After having the Instant Pot for a few days, I decided I’d try my hand at coming up with something on my own. I like chicken, and it’s a natural for the IP. The 2 attempts we’ve made with rice in the menu ended up with the rice a bit “mushy” for my taste, so I decided that chicken and rice would be a good choice to experiment and see if I can get the “rice added to food” process right.
Please Note – this being my very first “do it yourself” recipe, there’s a good chance it will change if I discover something didn’t work quite the way I wanted it to. For instance, both the other rice dishes we’ve done ended up with “mushy” rice, so I used 3/4 cup of liquid (for 1 cup of rice) on the first try with this. The rice was still a bit too mushy for me, so I changed it to 1/2 cup. My working theory is that the celery, carrots, and mushrooms add enough extra liquid to the mix to make up that other 1/2 cup. If you use the recipe with modified quantities, remember the Instant Pot requires at least 1/2vcup of liquid.
For the coating on the chicken, I used 2 packages (for 4 breasts) of Hidden Valley Original Ranch Salad Dressing & Mix. Over my wife’s strong objection, I added a very small amount of curry to the dressing, but Gini said she had to admit that it was great with the curry in it. Score one for the guy of the house!

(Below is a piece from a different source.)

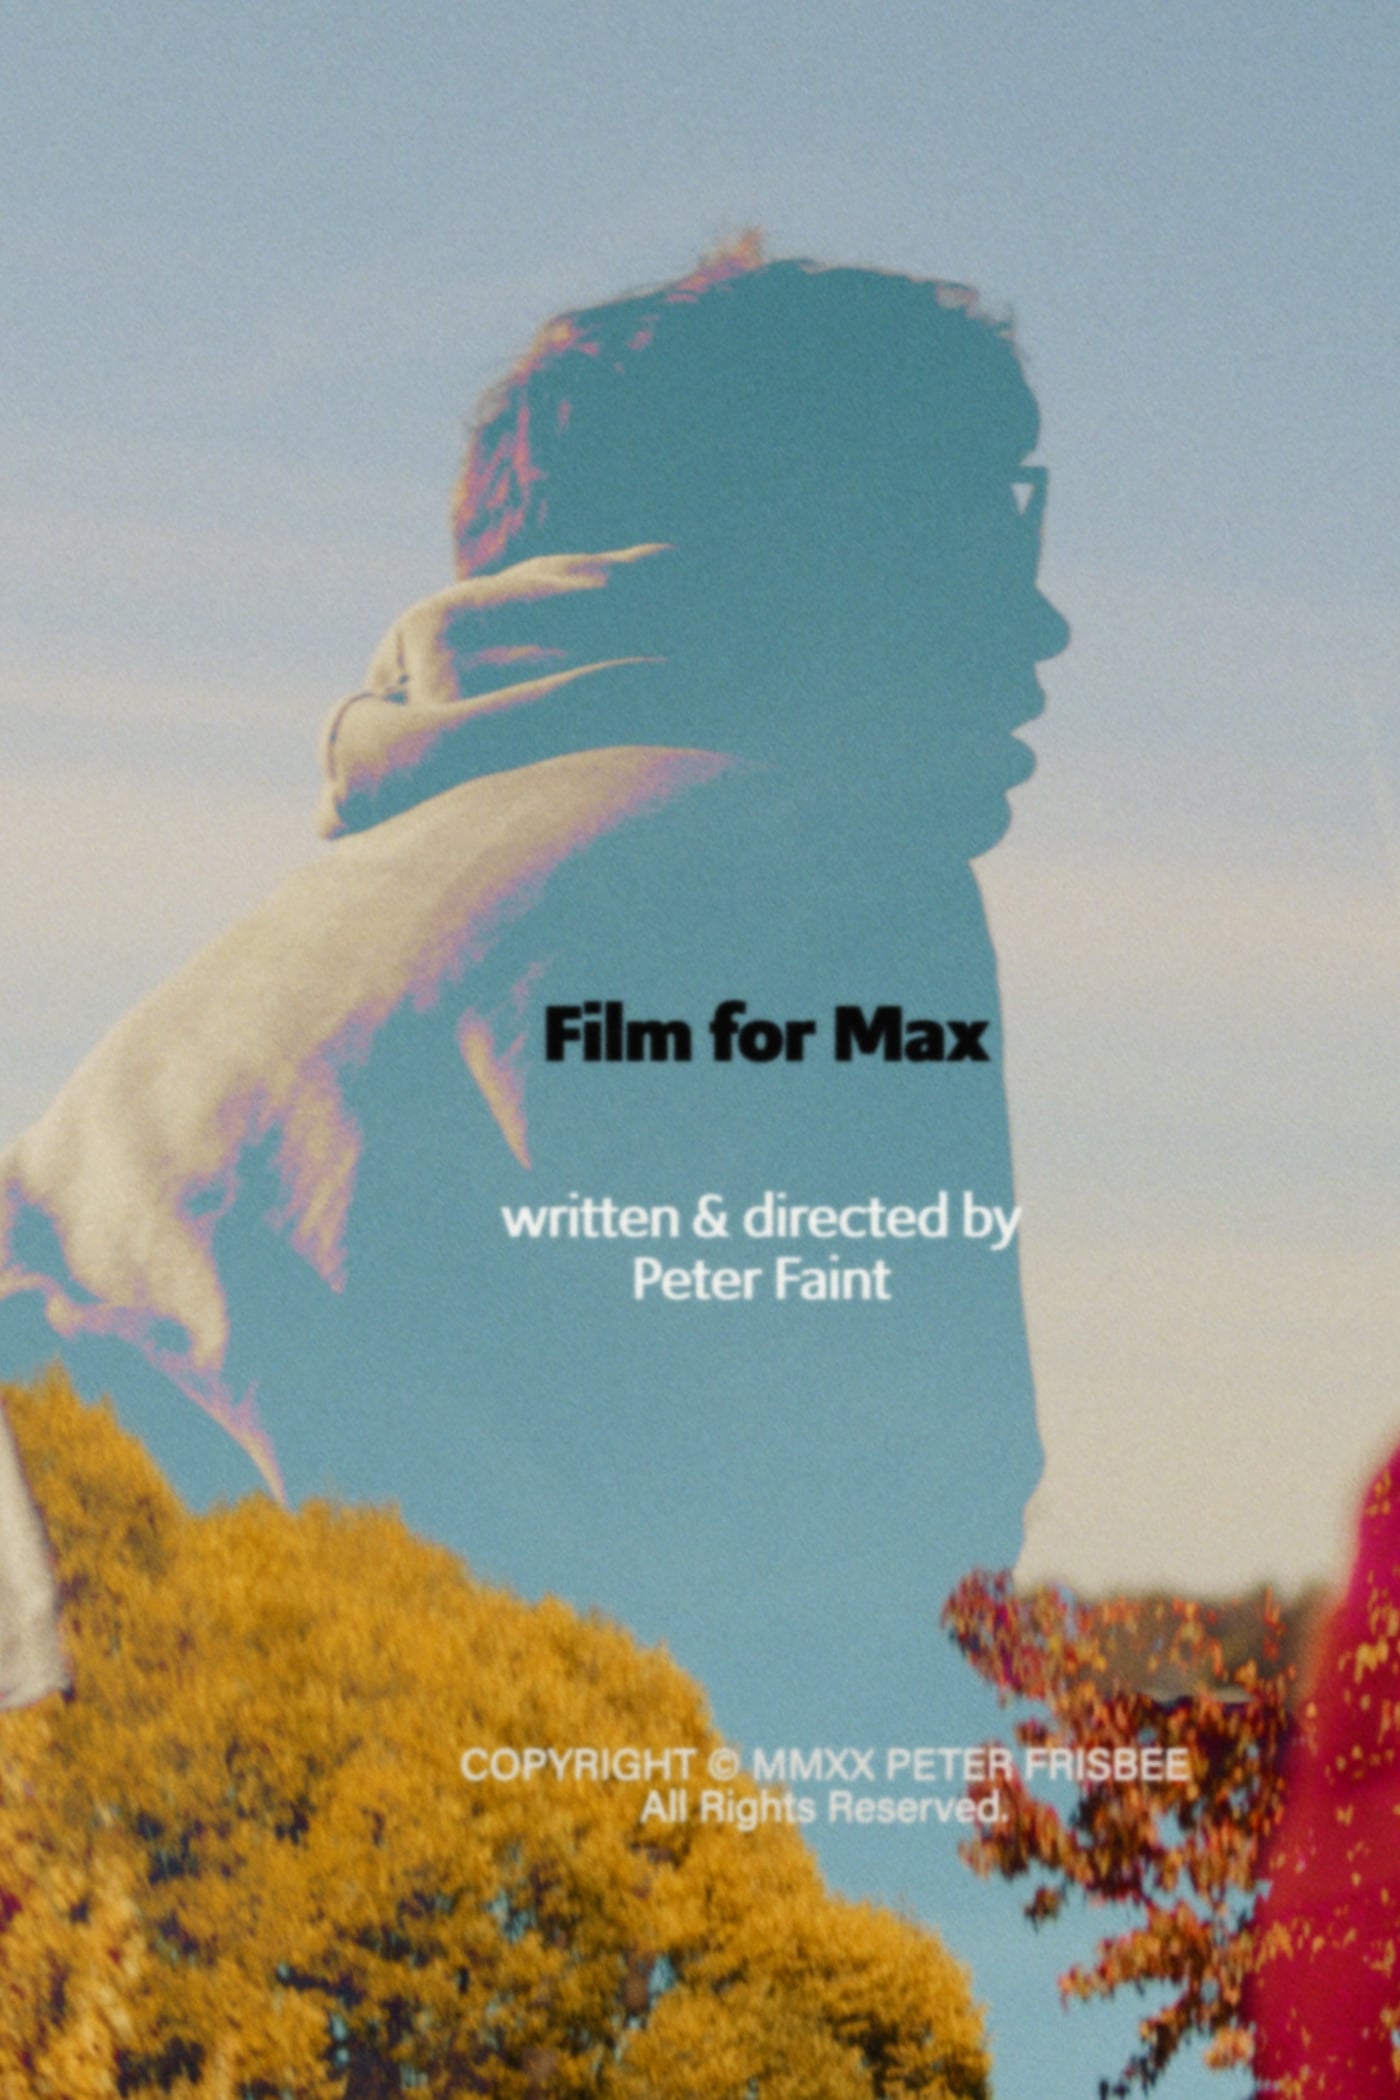 Film for Max

I had planned to use jasmine rice, but my wife and I both like Zatarain’s Cilantro Lime Rice with other dishes. She asked me to use that, and it sounded good to me. If you choose plain rice instead, you may want to add some other herbs and spices to it.
I’m not a big vinegar fan, but I added a small amount of rice vinegar to the chicken broth to give it a all a little extra zing, and soy sauce instead of just using salt. I never use much salt, so you may decide to add a little.

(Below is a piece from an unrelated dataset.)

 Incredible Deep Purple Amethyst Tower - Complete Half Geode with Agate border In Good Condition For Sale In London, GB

As I said, this is subject to change as I experiment around. Please feel free to leave comments or suggestions if you see something that needs improvement.
Cashew Chicken & Rice W/Mushrooms
- 1 Pressure Cooker
- 4 count Chicken Breast
- 1 cup Seasoned Rice I use Zatarain's Cilantro Lime Rice. If you use a plan rice, you will likely want to add other spices and flavorings.
- 1 cup Carrots Sliced I prefer to use baby carrots.
- 1 cup Celery Diced
- 1 cup Cashews Unsalted Be sure to use unsalted – Can substitute peanuts, almonds, walnuts, pecans, etc according to taste
- 1 cup Mushrooms Sliced
- 1 tbsp Oil I prefer olive oil
- 2 oz Dry Ranch Dressing Mix I use Hidden Valley Original Ranch Salad Dressing & Mix. To spice things up, you may want to try their "Spicy Ranch"
- 1 tsp Curry
- 4 tbsp Rice Vinegar
- 4 tbsp Soy Sauce
- ¼ cup Chicken Broth Use enough to bring total measured liquid to 1/2 cup for 4 chicken breasts
Mix the Liquid
- In a measuring cup, add the soy sauce and rice vinegar. Add enough chicken broth to bring the mix to 1/2 cup per 4 chicken breasts (1/8 cup per breast).
Prep the Chicken
- Set your Instant Pot to Saute, if you're a purist (I prefer to saute in a separate pan)
- While it's heating, mix the curry and ranch mix on a shallow plate. Coat the chicken breasts on each side with the mix.
- Saute both sides to sear the outside of the chicken.
- Set the chicken aside, and pour a small amount of the liquid mix in the bottom of the pot liner. Deglaze the bottom of the liner by using a flat wooden (or bamboo) spatula to scrape the cooked on pieces of coating. (This is important if you sauted the chicken in the InstantPot pan)
Mix the Rice and Veggies
- When the bottom is completely clear, add the rice, carrots, celery, cashews, and mushrooms. Mix thoroughly, and pour on the remaining liquid.
Add the Chicken
- Lay the chicken breasts on top of the rice and veggie mix.
Set the Instant Pot
- Cover with lid and set the lever to sealing position. Cook on manual high pressure 10 minutes with manual pressure release.